Theatre
Love from a Stranger
King’s Theatre, Edinburgh
Neil Cooper, Three stars
To suggest that Lucy Bailey’s staging of Agatha Christie’s double-bluffing yarn concerning a murderous affair between a couple on the run lulls the audience into a false sense of security is something of an understatement. In fact, things go round town and country houses for so long before getting to the point one wonders at times where exactly it’s headed for. None of this is the fault of Bailey or the cast of Frank Vosper’s adaptation of Christie’s short story, Philomel Cottage, updated here to the 1950s. It’s just that, for all the dark-room black-outs and red-outs on Mike Britton’s modernist des-res set, the script needs the sharpest of knives taken to it to give things the full oomph required.
Bayswater gel Cecily finds herself in a whirlwind romance with American pretty-boy charmer Bruce after he views the flat-share she’s vacating to marry drippy Michael, who’s just returned from Sudan. After assorted shenanigans involving Cecily’s flat-mate Mavis and her annoying aunt, Michael is left in the lurch. By the second act, Cecily and Bruce are shacked up in a crumbling West Sussex pile. It is here things take an infinitely darker turn, even with the light relief of an ancient gardener and his nosy grand-daughter, not to mention an amateur criminologist quack.

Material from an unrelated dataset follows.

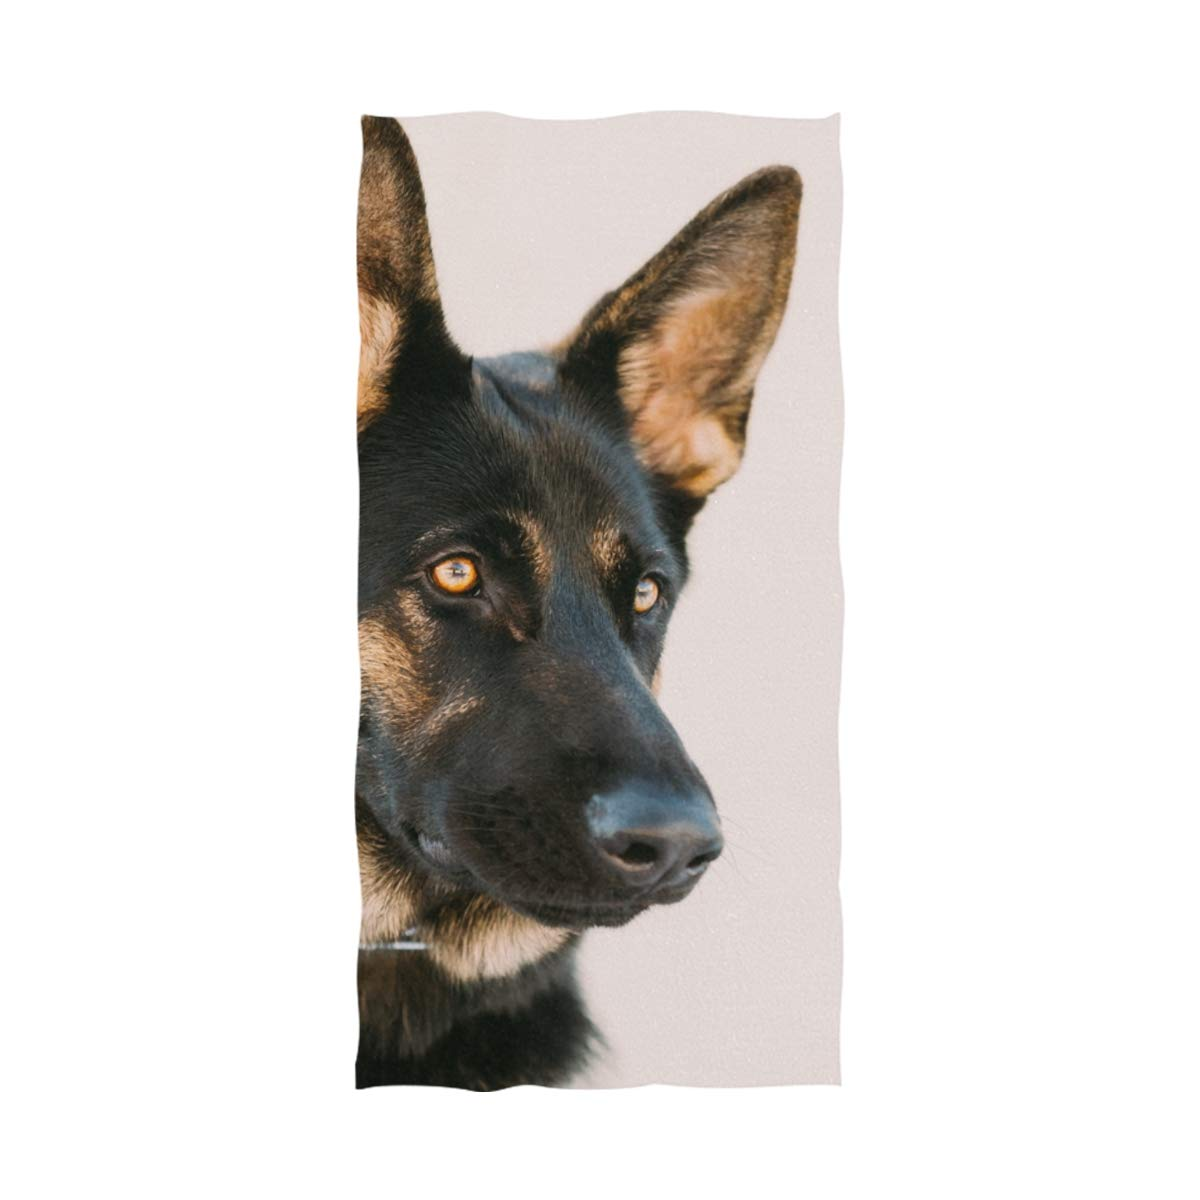 La Random German Shepherd Dog Print Soft Absorbent Bath Towels Spa Bench Bathroom Towels for Adults Kids 64 x 32 inch

With a panoply of psycho-sexual sport at play in a show led by Helen Bradbury and Sam Frenchum as the dangerously impulsive new couple, there are clear shades of The League of Gentlemen at play here, however accidental. This just about gets past some of the dialogue’s cottage cheese in a gloriously amoral piece of cut-glass froth so magnificently unlikely that evidence of its two-faced bid for credibility would almost certainly never stand up in court.